He was later invited to play in Hong Kong by Mike Leonard and signed an 18-month contract with Instant-Dict after an initial trial period. However, further knee problems eventually led to him retiring again.

==Coaching and managerial career==
After retiring from his playing career Ian went to Hong Kong taking charge of Instant-Dict, a team in their top division, and also the national side in 1999 for the 2000 Asian Cup qualifiers. He also played non-league football for Salisbury City (1997–2000) and Farnborough Town (2000–2001).

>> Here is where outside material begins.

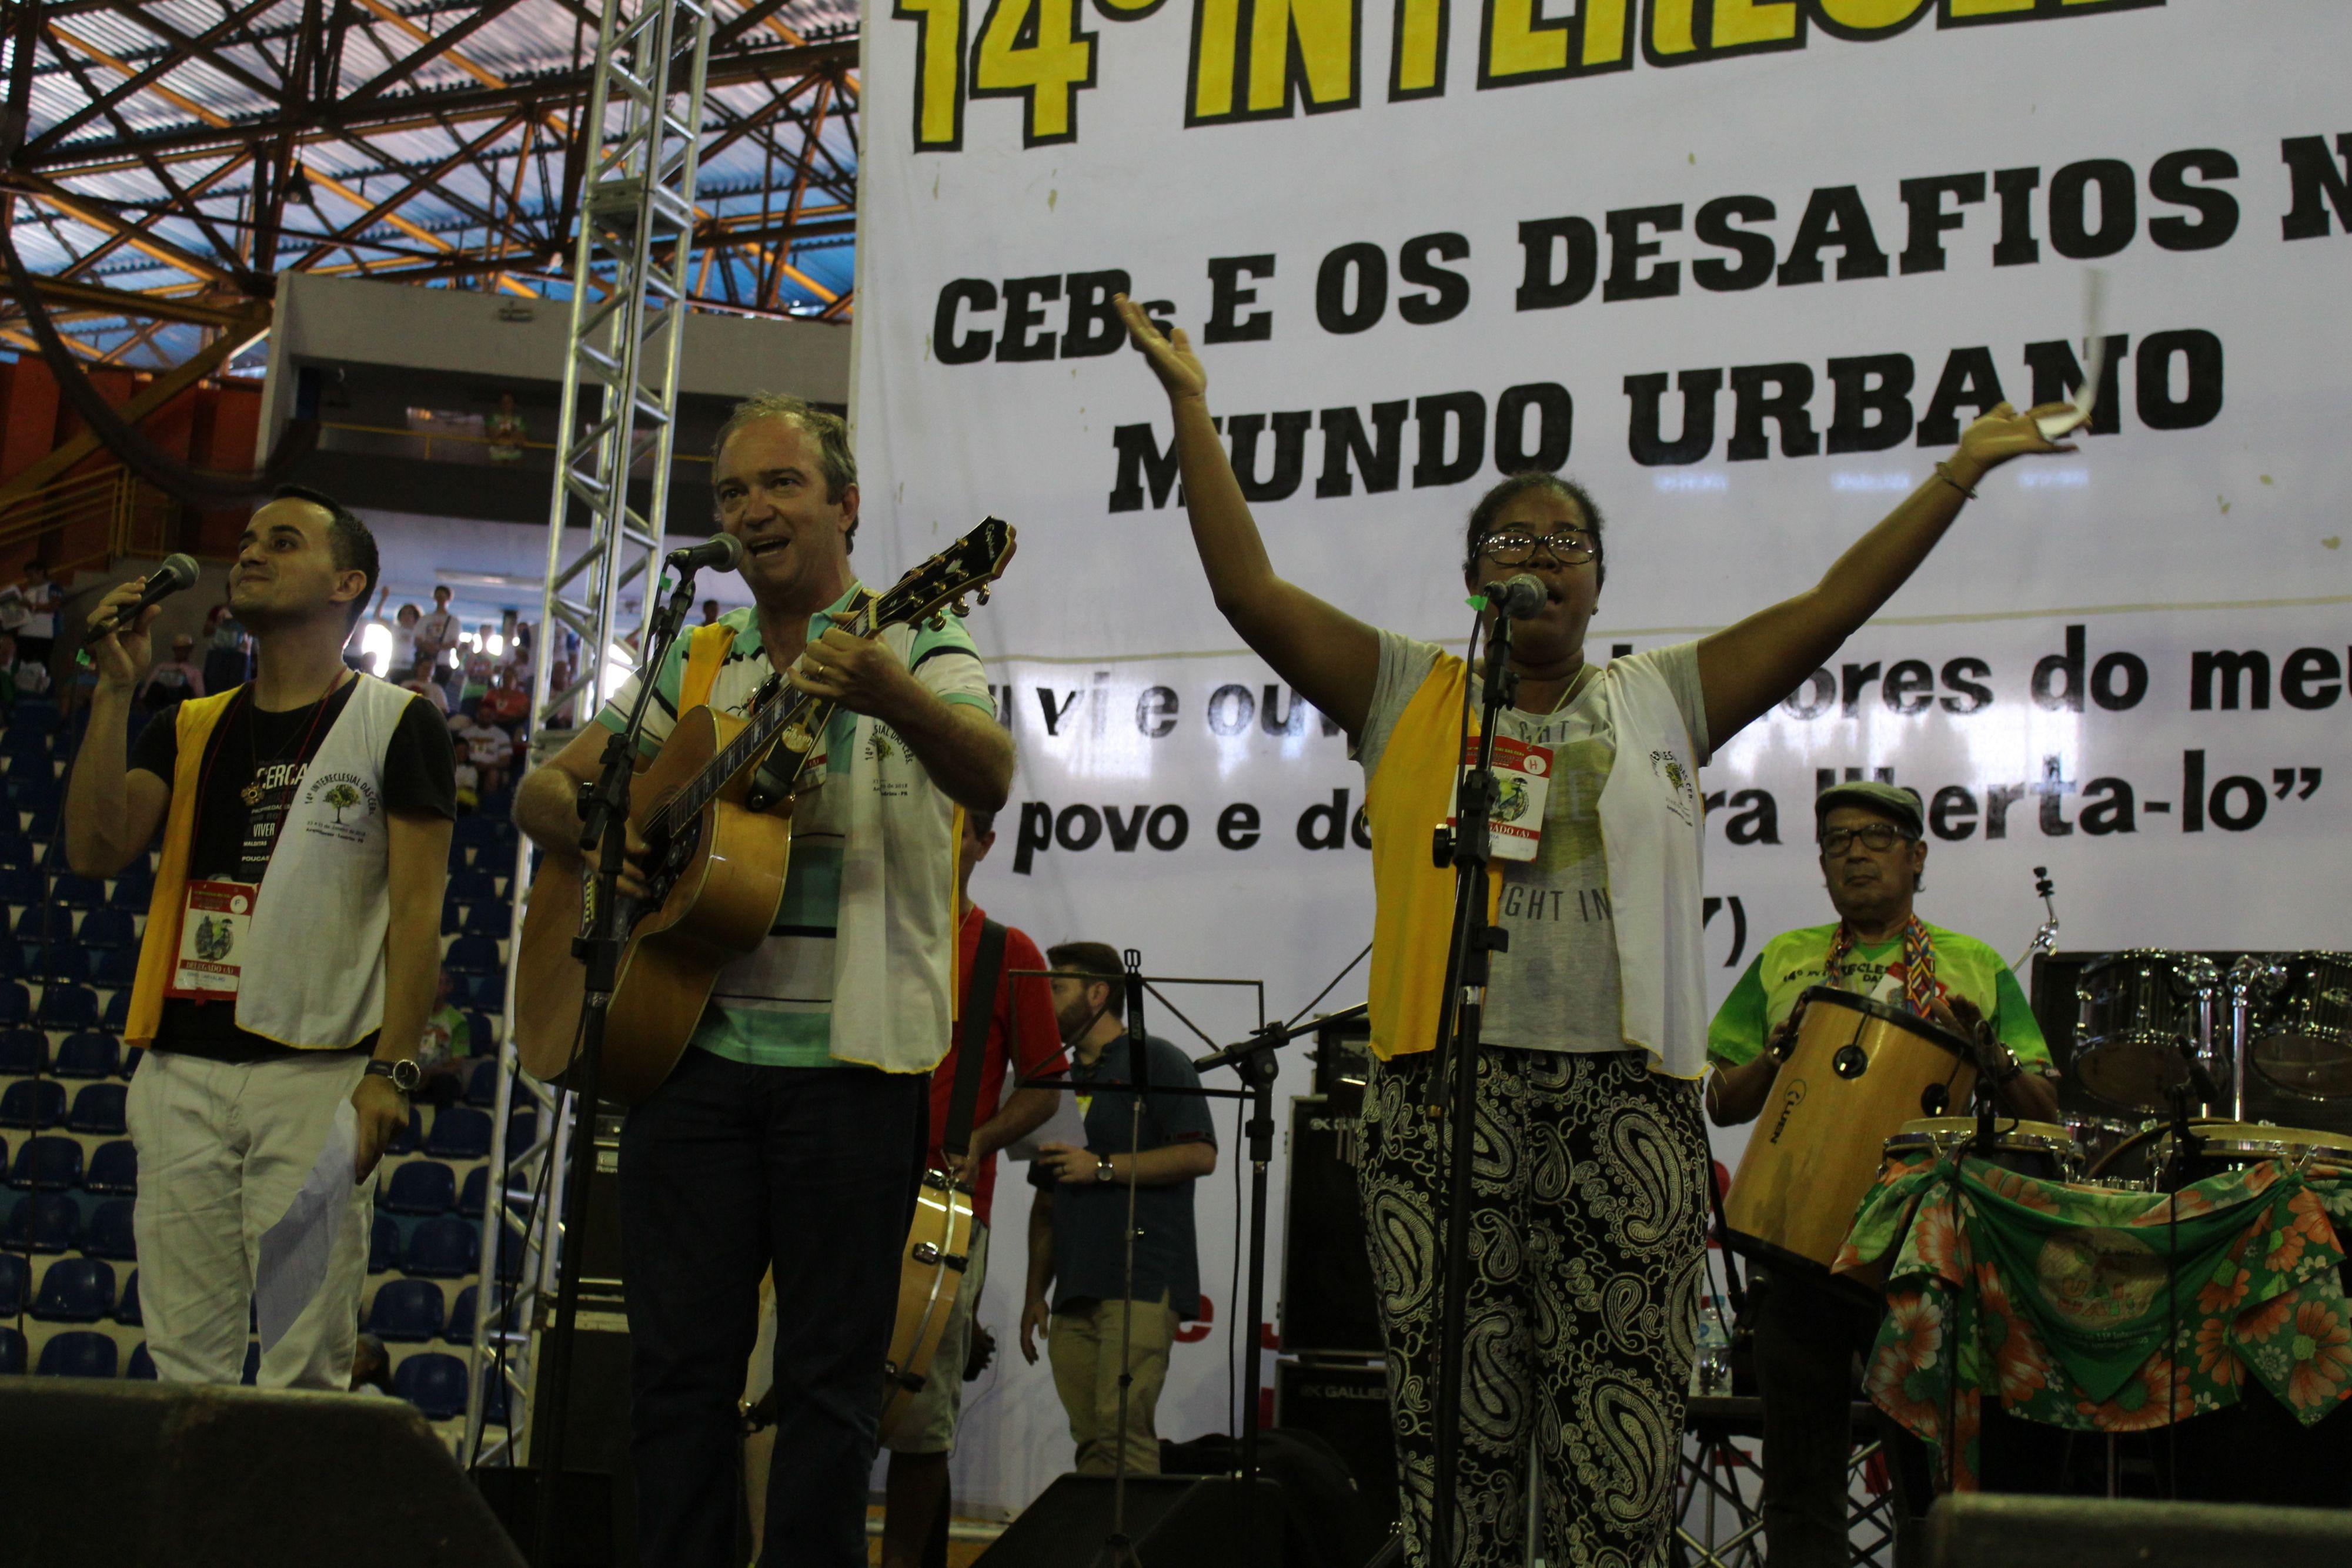 Alegrias e Expectativas do Regional Oeste II no 14º Intereclesial em Londrina

After returning from Hong Kong he worked for a Leeds-based football agent but resigned after 3 years as he didn't enjoy the job. Ian set up his own contract hire and vehicle leasing company in 2003.

He took over the part-time managerial post at Havant & Waterlooville in November 2004. He currently lives in Southampton with his second wife and two teenage children.

On 3 October 2007, he was appointed manager at Conference South rivals Eastleigh, taking over from David Hughes. After five years in charge, he was dismissed on 11 September 2012.

Baird was appointed assistant manager at Sutton United in October 2014 under manager Paul Doswell. At the end of March 2019, Doswell was fired and Baird took over as caretaker manager. Baird left the club on 29 April 2019.

In May 2019, Paul Doswell was appointed manager of Havant & Waterlooville and Baird followed him as his assistant. Baird resigned in August 2023.

==Life outside football==
Baird's authorised biography, Bairdy's Gonna Get Ya!: The Ian Baird Story, written by Marc Bracha, was published in September 2013.

==Honours==
Plymouth Argyle
- Football League Third Division play-offs: 1996

==Notes==
a. The first goal in the 3–0 win for Plymouth Argyle at Lincoln City on 30 September 1995 that was originally given to Baird was later credited as an own-goal.

== Bibliography ==
- Mourant, Andrew (1992). "Leeds United Player By Player"
- Rowley, Les (2005). "Where are They Now?"